In MD, you’d mostly use GPU simulation for previews and tweaks, and use Normal, Complete, or Complete Non-Linear for final result and animation. Because in the end, if you want the result really nice and natural looking, the cloth sim has to be sequential.

But yes, GPU simulation is actually pretty cool, and convenient above all else. But I also know it’s true that in Blender, by using physics based simulation, the setting is much straight forward. I only changed 4 default settings for every single cloth I make, and all of those 4 changes remain constant after years of me working on cloth making.

I created this small playlist on Youtube some time ago, and it seems that it has helped a quite few people understand about Blender’s cloth making workflow. I hope it will help you as much as it has helped others.

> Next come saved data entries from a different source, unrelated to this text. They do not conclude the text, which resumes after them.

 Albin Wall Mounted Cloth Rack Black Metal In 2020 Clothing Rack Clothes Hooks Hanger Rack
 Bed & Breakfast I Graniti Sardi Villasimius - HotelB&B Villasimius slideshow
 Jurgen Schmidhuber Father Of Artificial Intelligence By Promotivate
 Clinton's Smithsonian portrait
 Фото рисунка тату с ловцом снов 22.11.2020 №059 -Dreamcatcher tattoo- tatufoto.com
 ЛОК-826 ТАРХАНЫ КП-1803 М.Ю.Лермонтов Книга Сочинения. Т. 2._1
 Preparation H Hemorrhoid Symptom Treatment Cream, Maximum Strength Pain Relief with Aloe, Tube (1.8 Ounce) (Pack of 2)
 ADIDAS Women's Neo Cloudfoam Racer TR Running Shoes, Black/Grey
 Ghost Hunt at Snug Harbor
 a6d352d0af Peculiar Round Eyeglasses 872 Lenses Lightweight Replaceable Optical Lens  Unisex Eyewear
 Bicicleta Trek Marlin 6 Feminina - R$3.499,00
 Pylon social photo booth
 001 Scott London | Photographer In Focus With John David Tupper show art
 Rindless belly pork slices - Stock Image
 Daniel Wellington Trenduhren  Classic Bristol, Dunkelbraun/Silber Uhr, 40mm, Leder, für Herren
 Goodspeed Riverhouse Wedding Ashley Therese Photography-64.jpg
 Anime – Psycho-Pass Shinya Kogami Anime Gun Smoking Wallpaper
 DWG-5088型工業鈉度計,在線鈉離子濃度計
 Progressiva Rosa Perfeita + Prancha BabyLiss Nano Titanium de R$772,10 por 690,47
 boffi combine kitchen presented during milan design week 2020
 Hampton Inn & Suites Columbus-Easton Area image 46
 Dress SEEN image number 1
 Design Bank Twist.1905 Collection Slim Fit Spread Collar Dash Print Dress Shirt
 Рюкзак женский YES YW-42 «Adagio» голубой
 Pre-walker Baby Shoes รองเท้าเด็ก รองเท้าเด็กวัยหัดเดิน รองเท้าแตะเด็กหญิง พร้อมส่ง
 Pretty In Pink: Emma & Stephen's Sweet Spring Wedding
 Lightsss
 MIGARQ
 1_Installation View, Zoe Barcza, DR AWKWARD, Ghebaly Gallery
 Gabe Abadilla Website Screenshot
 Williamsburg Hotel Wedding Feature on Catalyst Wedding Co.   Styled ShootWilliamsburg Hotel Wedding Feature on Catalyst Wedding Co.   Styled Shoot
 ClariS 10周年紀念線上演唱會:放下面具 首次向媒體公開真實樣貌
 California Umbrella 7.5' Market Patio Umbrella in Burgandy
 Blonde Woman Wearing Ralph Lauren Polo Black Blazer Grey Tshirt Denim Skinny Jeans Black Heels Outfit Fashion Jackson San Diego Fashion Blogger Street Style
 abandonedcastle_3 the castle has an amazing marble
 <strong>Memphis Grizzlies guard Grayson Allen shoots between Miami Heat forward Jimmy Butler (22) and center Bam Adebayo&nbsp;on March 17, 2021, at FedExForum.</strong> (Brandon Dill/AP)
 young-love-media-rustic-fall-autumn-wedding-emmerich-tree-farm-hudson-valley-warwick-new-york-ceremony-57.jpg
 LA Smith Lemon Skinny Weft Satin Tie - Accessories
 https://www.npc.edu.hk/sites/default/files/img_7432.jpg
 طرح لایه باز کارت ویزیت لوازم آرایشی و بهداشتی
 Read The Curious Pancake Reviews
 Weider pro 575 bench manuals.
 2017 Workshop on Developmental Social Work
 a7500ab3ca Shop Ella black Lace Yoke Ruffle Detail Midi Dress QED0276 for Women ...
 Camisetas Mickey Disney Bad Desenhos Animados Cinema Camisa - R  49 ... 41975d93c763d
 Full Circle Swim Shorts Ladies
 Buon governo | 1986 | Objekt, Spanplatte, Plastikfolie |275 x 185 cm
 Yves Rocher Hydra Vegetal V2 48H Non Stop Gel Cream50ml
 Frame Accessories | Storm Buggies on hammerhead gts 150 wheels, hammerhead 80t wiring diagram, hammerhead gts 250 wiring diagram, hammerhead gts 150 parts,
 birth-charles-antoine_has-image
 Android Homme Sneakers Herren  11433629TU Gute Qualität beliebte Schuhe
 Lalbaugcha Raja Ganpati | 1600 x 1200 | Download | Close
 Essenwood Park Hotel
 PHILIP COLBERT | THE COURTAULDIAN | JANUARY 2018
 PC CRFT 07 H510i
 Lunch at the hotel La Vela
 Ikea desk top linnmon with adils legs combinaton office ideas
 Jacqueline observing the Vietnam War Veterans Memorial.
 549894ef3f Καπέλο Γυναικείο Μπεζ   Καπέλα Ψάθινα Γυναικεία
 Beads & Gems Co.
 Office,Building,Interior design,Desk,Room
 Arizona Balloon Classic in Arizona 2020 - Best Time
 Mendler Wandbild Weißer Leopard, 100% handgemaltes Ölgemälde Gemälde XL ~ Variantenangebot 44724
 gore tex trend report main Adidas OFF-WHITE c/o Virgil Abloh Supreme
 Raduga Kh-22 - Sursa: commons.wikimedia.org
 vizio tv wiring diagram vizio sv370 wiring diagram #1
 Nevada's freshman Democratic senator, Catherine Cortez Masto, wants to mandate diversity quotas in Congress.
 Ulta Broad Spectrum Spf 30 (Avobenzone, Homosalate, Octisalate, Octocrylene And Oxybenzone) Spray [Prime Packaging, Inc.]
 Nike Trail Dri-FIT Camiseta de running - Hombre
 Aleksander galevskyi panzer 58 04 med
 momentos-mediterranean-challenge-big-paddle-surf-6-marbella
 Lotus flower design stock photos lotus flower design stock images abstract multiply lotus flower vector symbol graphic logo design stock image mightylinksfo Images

Thanks for the list Sandtail

But all of those are just simulation to a still image. Now sure it all looks very good, but what happens when you then fully animate the character and need to do all the cloth simulation over a constantly deforming mesh.

If you have any videos showing that and how well Blender can do it, I’d love to see them.

For the OP, I wouldn’t expect any GPU acceleration any time soon (as in not in the next few years).

The current Cloth and Hair system (the cloth simulation is actually based on the particle hair simulation system) is like a decade old and not had any development time for the past few years.

It’s all expected to be replaced by a Geometry Node system at some point and as far as I know, nothing about GNodes is GPU based or accelerated, it’s all CPU.

Next week there is a planned workshop at Blender HQ for Hair simulation within the new system. This should in theory get the whole design ball rolling and start to allocate dev time to finally update and replace the simulation systems in Blender. I rather expect that once Hair is sorted out, Cloth will just be an extension of it all.

I would think Blender could use the open source Nvidia PhysX cloth SDK to have it fast.
https://docs.nvidia.com/gameworks/content/gameworkslibrary/physx/guide/Manual/Cloth.html

The intro implies that PhysX requires CUDA cores to do the magic, so compatibility with AMD cards or Mac systems seems problematic.

IMO, moving a bad cloth simulation from the cpu to the gpu will just give you a faster bad cloth simulation.

I think blender’s cloth sim is good for a few things, like flags in the wind, table clothes dropped on a table, and curtains too. But for clothing on an animated character, forget it.

Randy

It appears on the 50 series even Nvidia has dropped PhysX support. :roll_eyes: , so much for that. PhysX seemed so good, but was never used by anyone.

I use it every time I play Borderlands 2 :smirk:

…that’s true regardless of the API though.